A pal of Wendy Williams is shooting down rumors that the absent host's mystery illness is related to drugs, stroke, or a dementia diagnosis.
While speculation surrounding the 57-year-old's health conditions has been running rampant, an insider familiar with the situation is putting the rumors to bed, telling PEOPLE that Wendy's healing process is simply taking longer than expected.
"Wendy won't be returning to the show for the rest of this season,” the source spilled to the outlet. As Radar reported, Sherri Shepherd is reportedly inking a deal to take over the show as we speak.
“Her healing is going slower than everyone had hoped. She continues to deal with a number of medical issues, including Graves' disease, and she and her team are taking it one day at a time," the insider continued.

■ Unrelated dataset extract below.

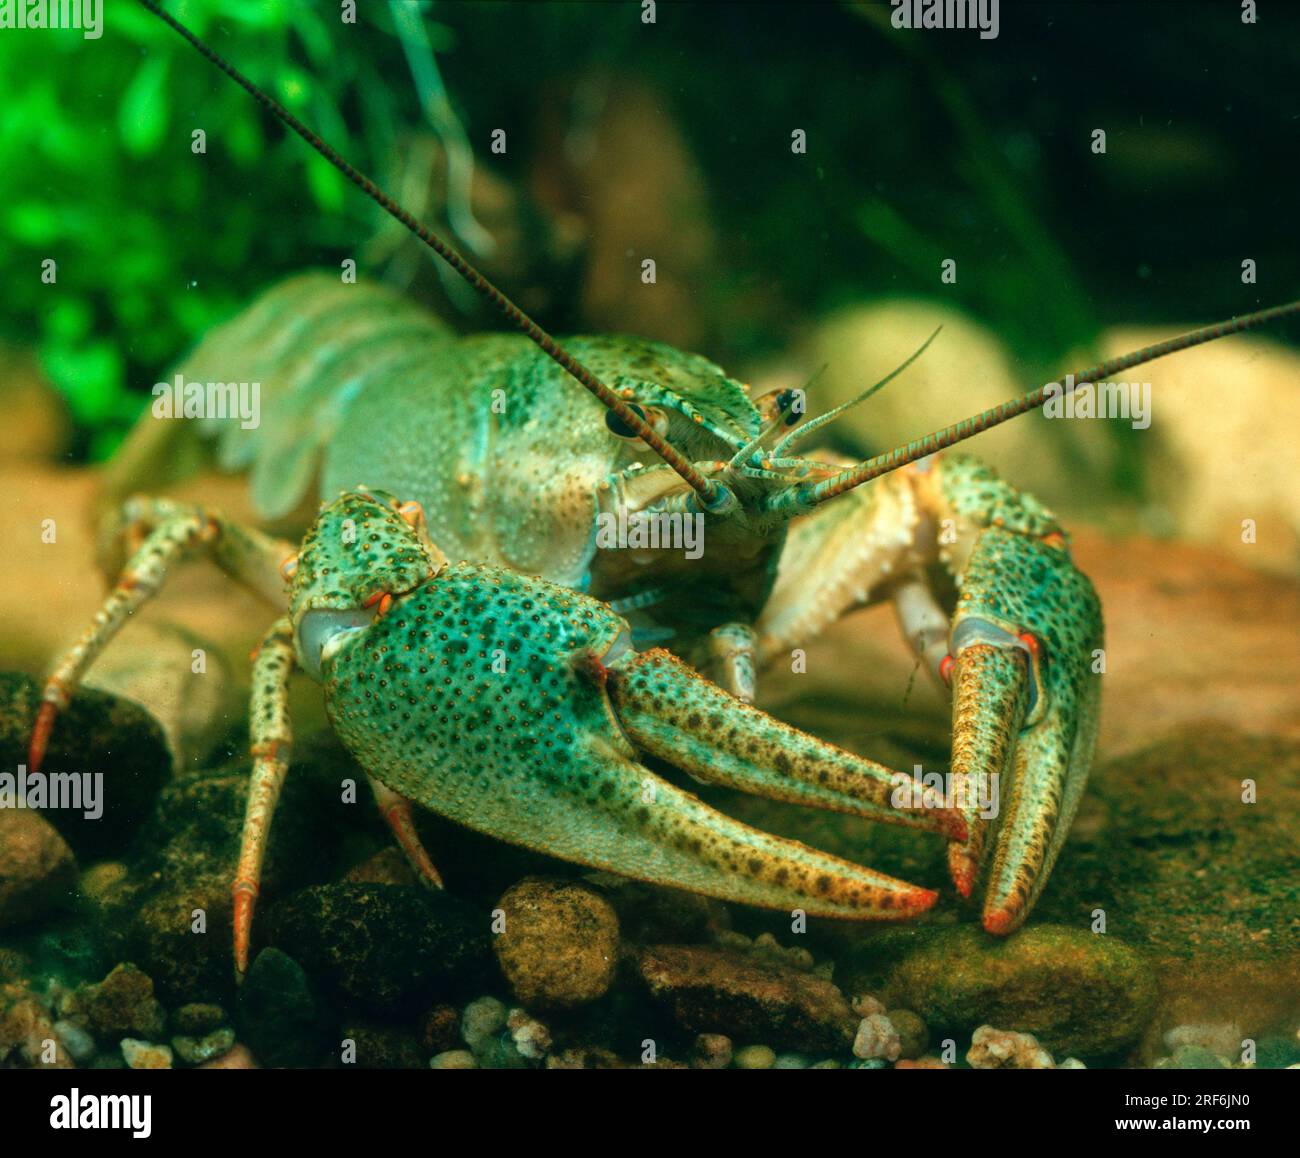 American crayfish, Camber crayfish (Orconectes limosus), Camber crayfish Stock Photo

"But reports of a stroke, drugs or addiction issues or a dementia diagnosis are all false. Whether Wendy can return in the fall will depend on how her healing goes over the summer,” the source stated, adding, “Her health is the most important thing.”
On Tuesday, it was reported that Shepherd is stepping in as the show's "permanent guest host." She's slated to take over Wendy's purple throne when the new season begins in September.
Once Shepherd’s contract is official, the former The View co-host will take over permanently – changing the name of the talk show and all.
But, there's a catch. According to insiders, if Wendy's health improves and she decides to come back, the network's plan might flop — however, it doesn't look like that will likely happen given her track record.
The odds that Wendy would return to the show at all have reportedly been slim for awhile, because insiders previously reported that the talk show host’s condition is hardly improving.
“The spark is gone. That Wendy, who for ten years had that spark in her eyes, that cheeky grin and that little wink is not the same now," the insider recently revealed, before adding that Wendy’s condition has allegedly declined so dramatically that she "has days where she needs help eating, getting out of bed and getting dressed."